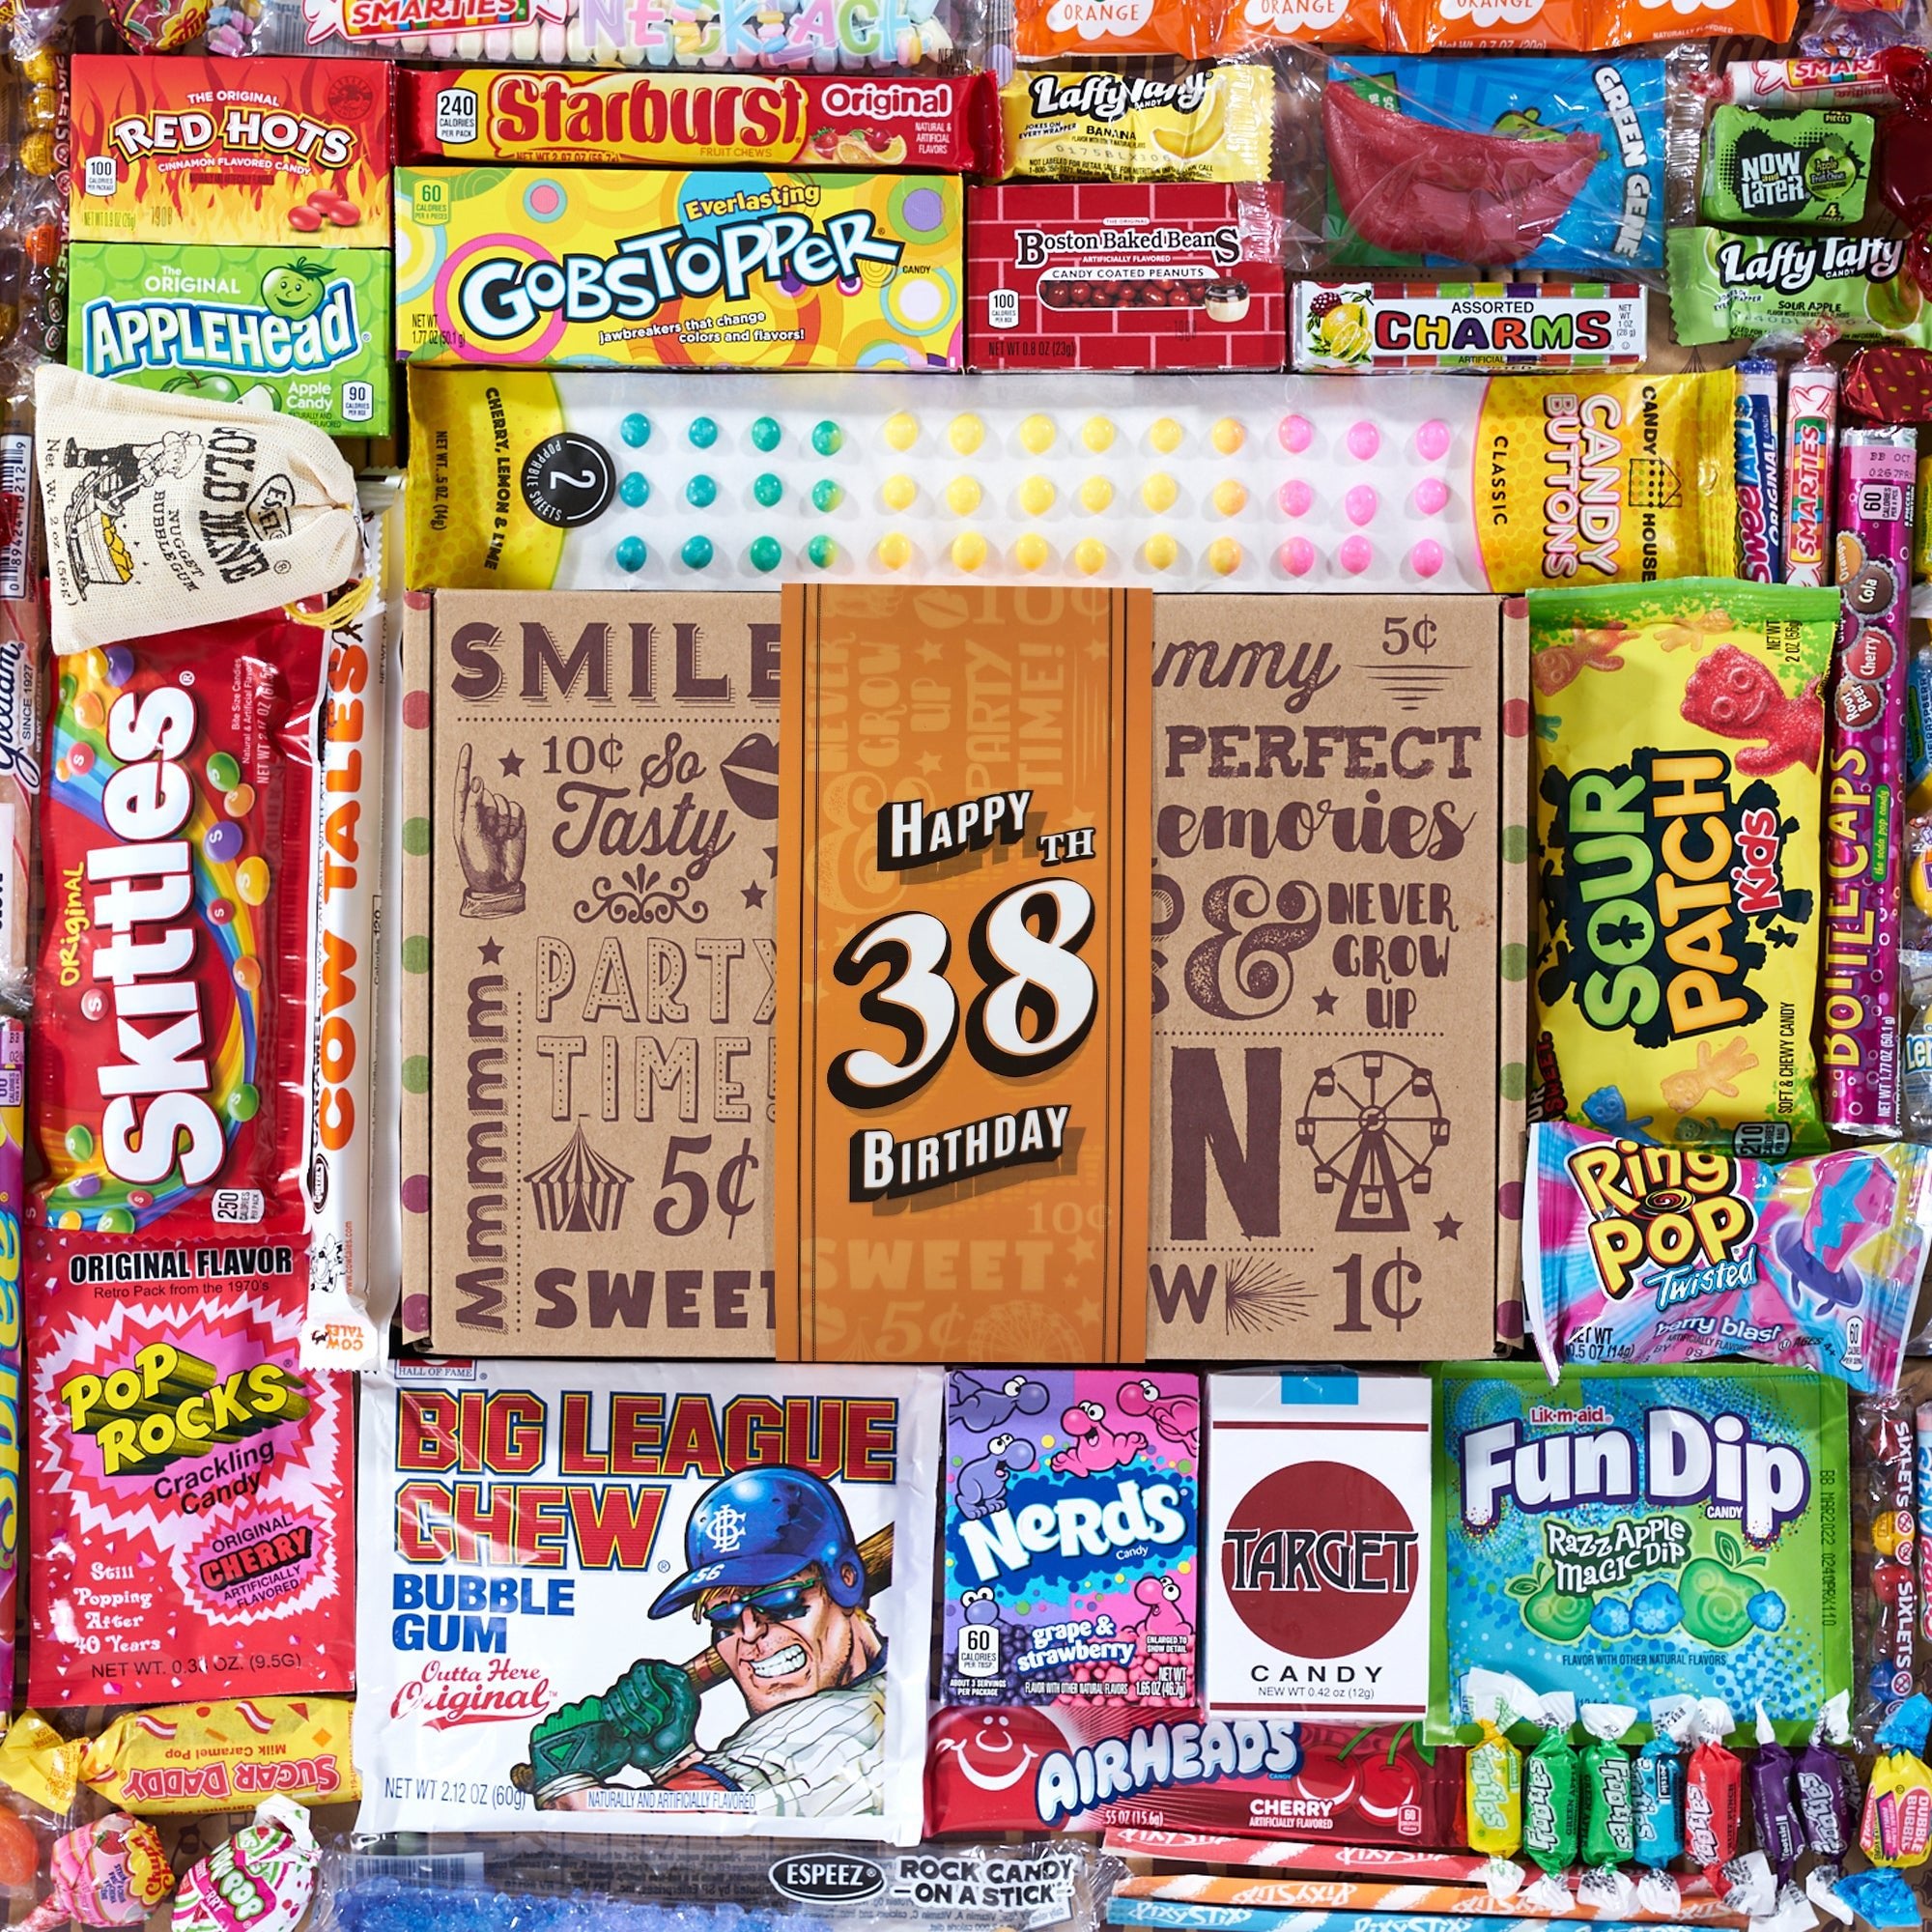 38th Birthday Retro Candy Gift - Vintage Candy Co.
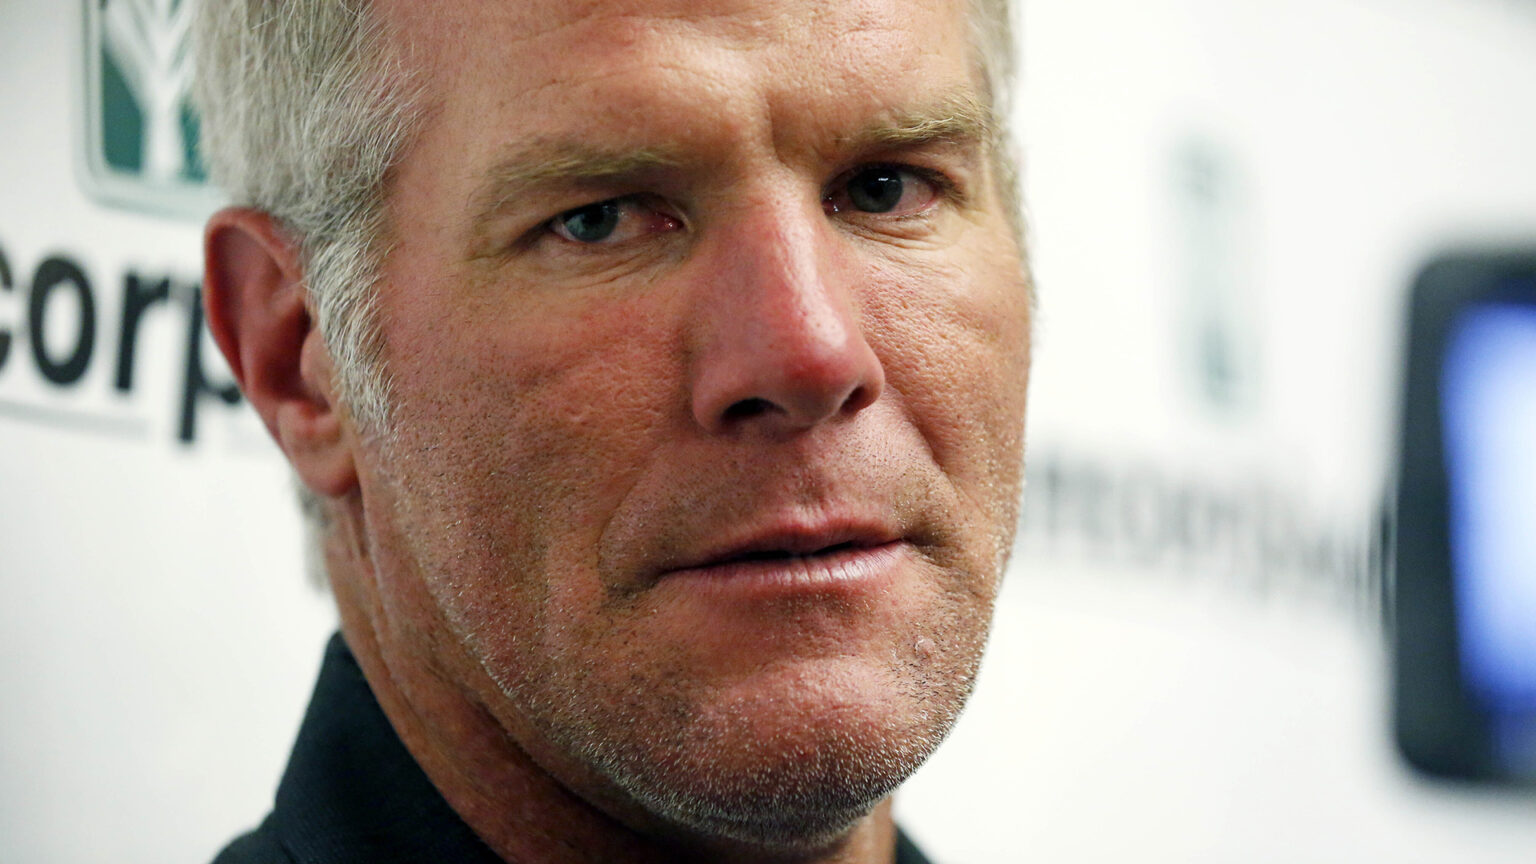 A close-up photos shows the face of Brett Favre with a logo backdrop in the background.
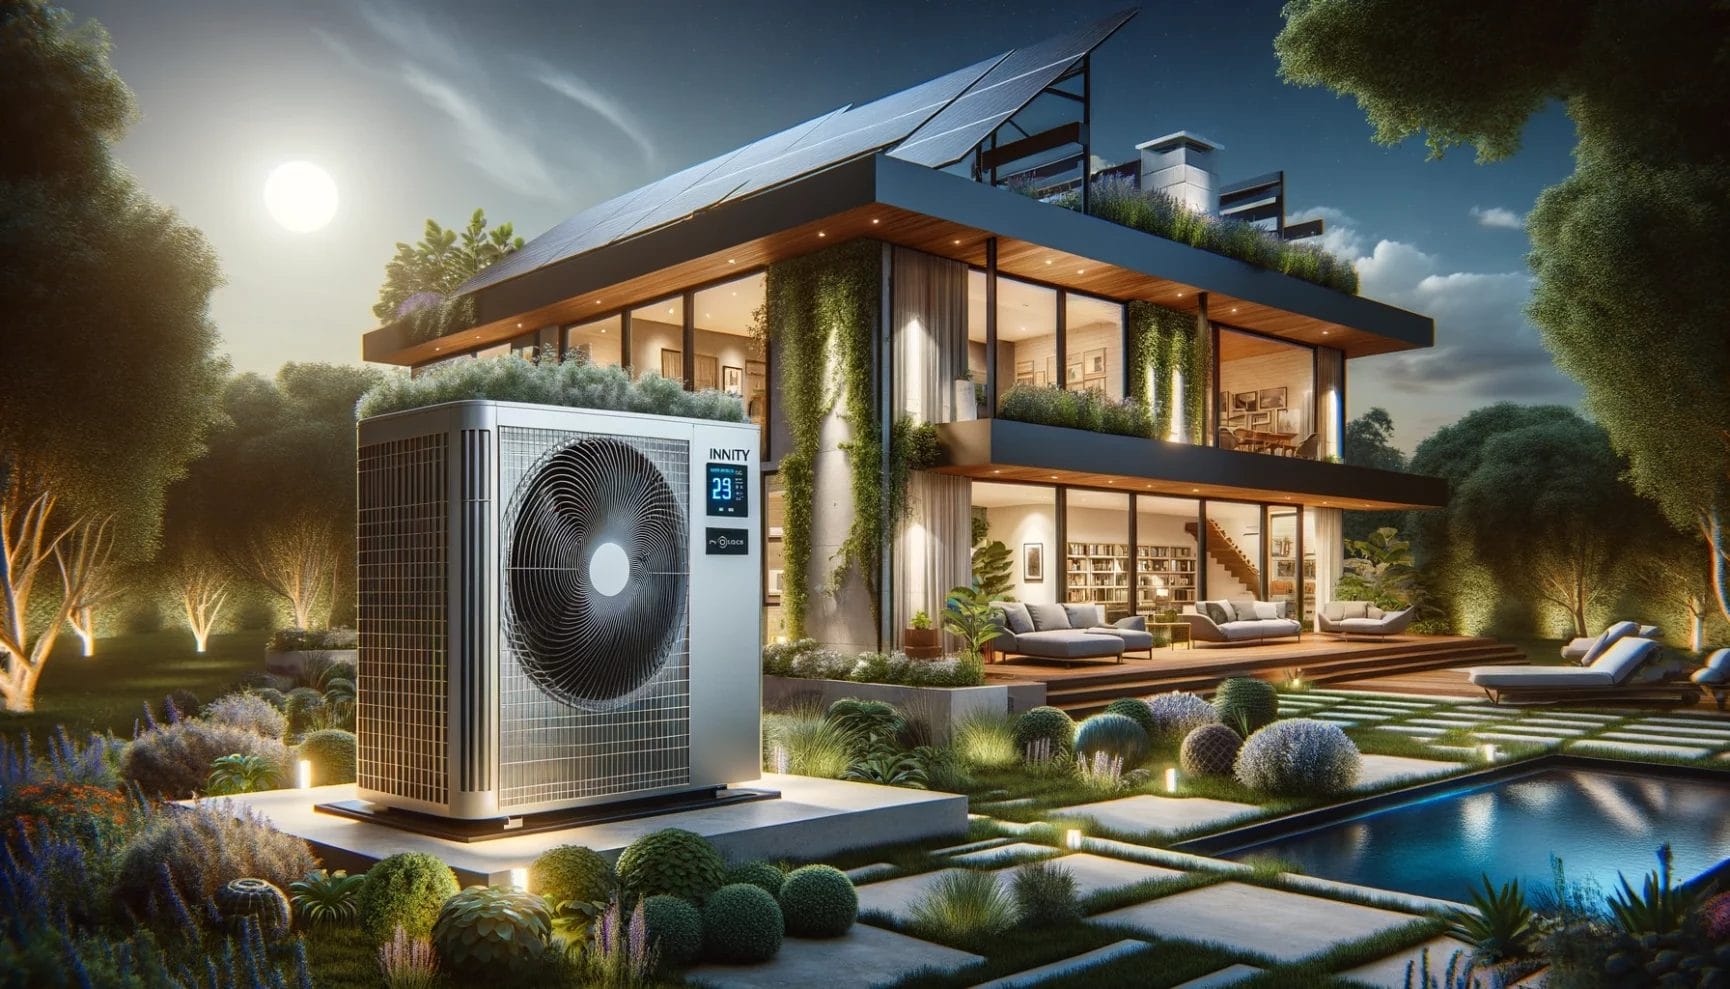 Modern sustainable home equipped with an energy-efficient air conditioning unit at dusk.

[About this task] Pictures aside, print every line of the material exactly.

[Answer to this exercise]
 38th Birthday Retro Candy Gift - Vintage Candy Co.
 A close-up photos shows the face of Brett Favre with a logo backdrop in the background.
 Modern sustainable home equipped with an energy-efficient air conditioning unit at dusk.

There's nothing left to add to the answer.